Categorical and categorical relationship

The relationship between two categorical variables can be examined with a cross-tabulation.

pd.crosstab(milk_data["Fat"], milk_data["Package"])
fat_package_counts = pd.crosstab(milk_data["Fat"], milk_data["Package"])

fat_package_counts.plot(kind="bar", figsize=(8, 5))
plt.title("Fat Category by Package Type")
plt.xlabel("Fat category")
plt.ylabel("Number of observations")
plt.xticks(rotation=0)
plt.legend(title="Package")
plt.show()

This graph shows how observations are distributed across fat category and package type.
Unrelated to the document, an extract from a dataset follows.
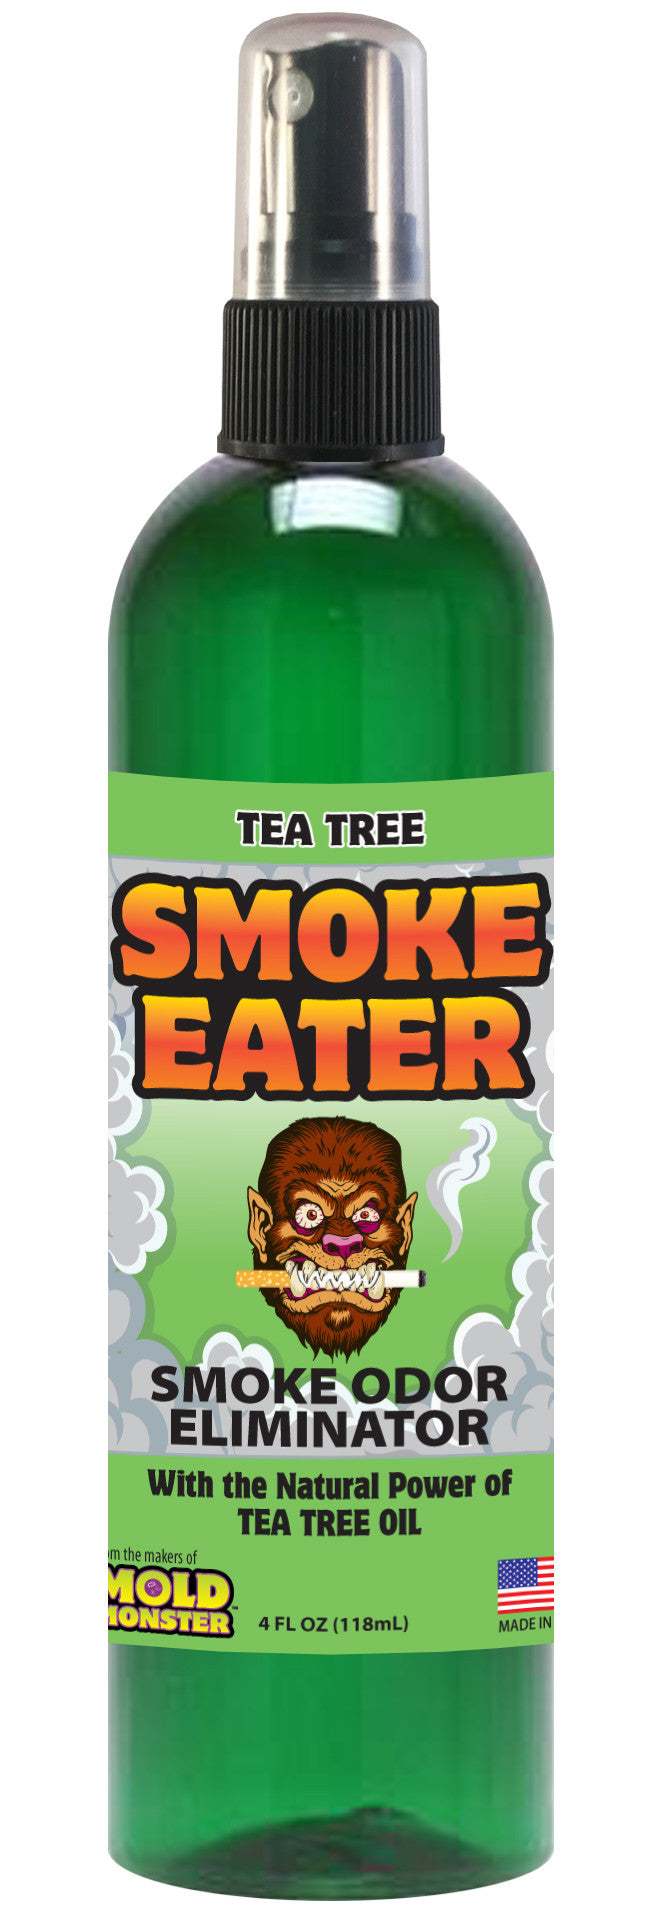 Smoke Eater - Tea Tree, 4 oz.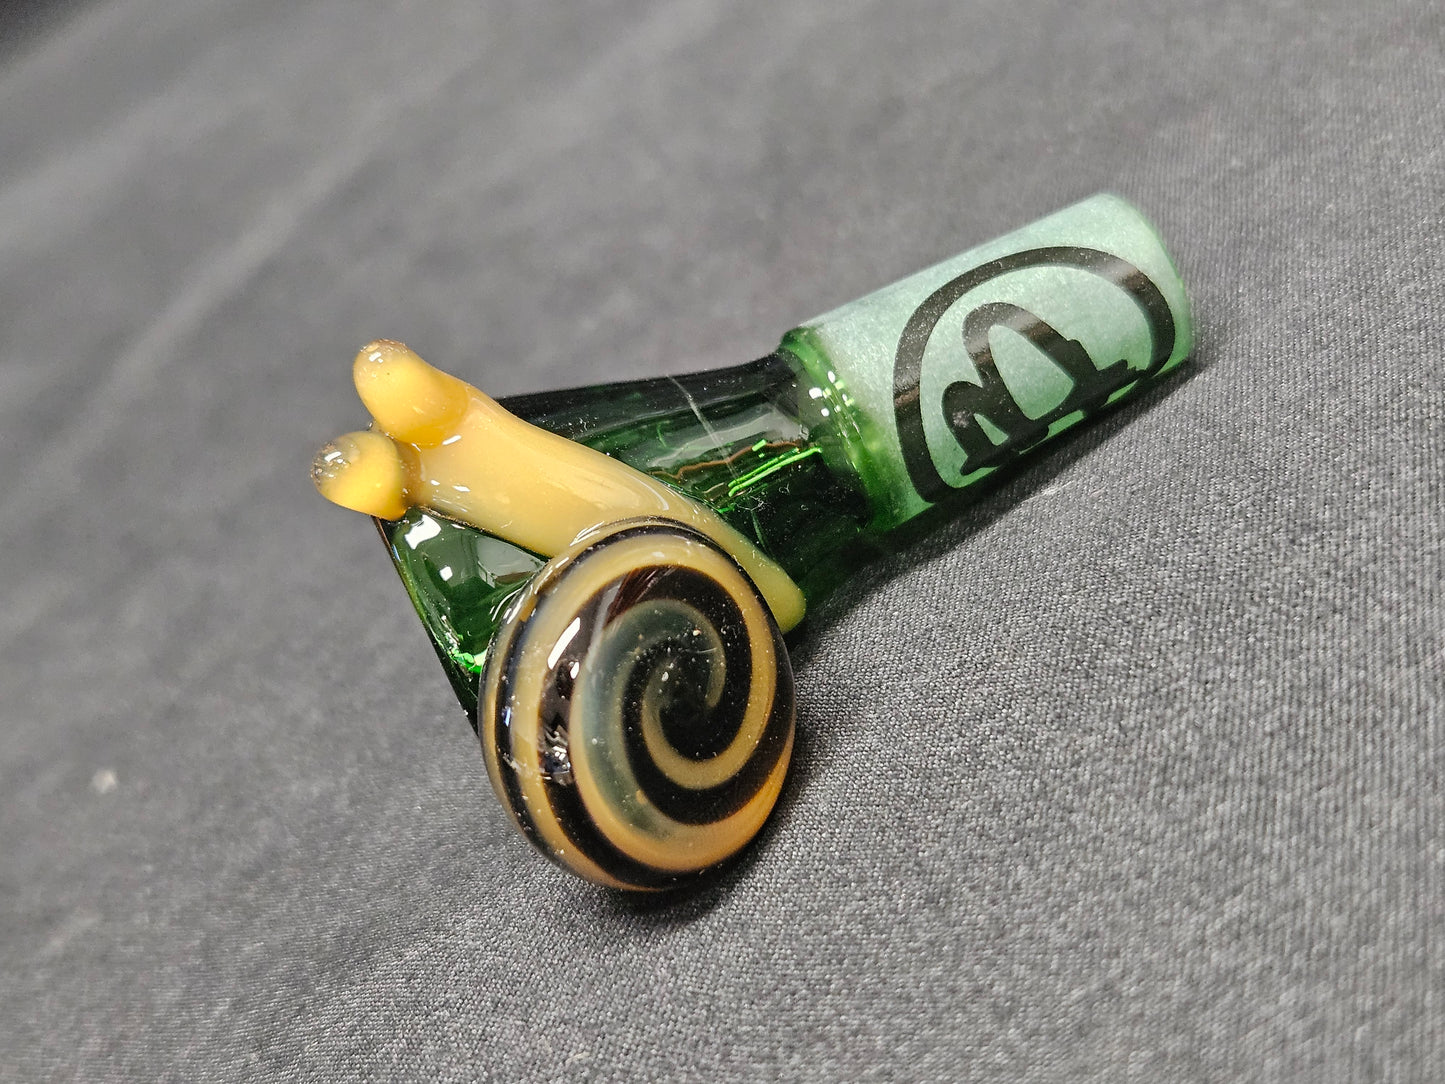 14mm snail

It is useful for understanding product composition before estimating models with categorical variables.

Interpretation

The bivariate graphs show several observed patterns in the attached dataset:

  • Price and Volume are positively associated.
  • Price and Size are positively associated.
  • Price_per_1000_volume and Volume are negatively associated.
  • Brand rankings differ depending on whether we use total price or unit-price style measures.
  • Product type, package type, and fat category show visible differences in price-related measures.
  • Cross-tabulations help us see how categorical product characteristics are distributed together.

These patterns prepare us for regression analysis. They do not establish causal effects.

Common mistakes

  • Saying that volume causes price to change based only on a scatter plot.
  • Comparing brands using total price without considering volume.
  • Treating grouped averages as controlled regression results.
  • Ignoring the number of observations in each category.
  • Forgetting that categorical differences may reflect other variables.
  • Interpreting correlation as causation.

Key takeaway

  • Bivariate graphs show relationships between two variables.
  • Scatter plots are useful for numeric and numeric relationships.
  • Box plots and grouped means are useful for categorical and numeric relationships.
  • Cross-tabulations are useful for two categorical variables.
  • Bivariate graphs suggest possible relationships, but they do not prove causality.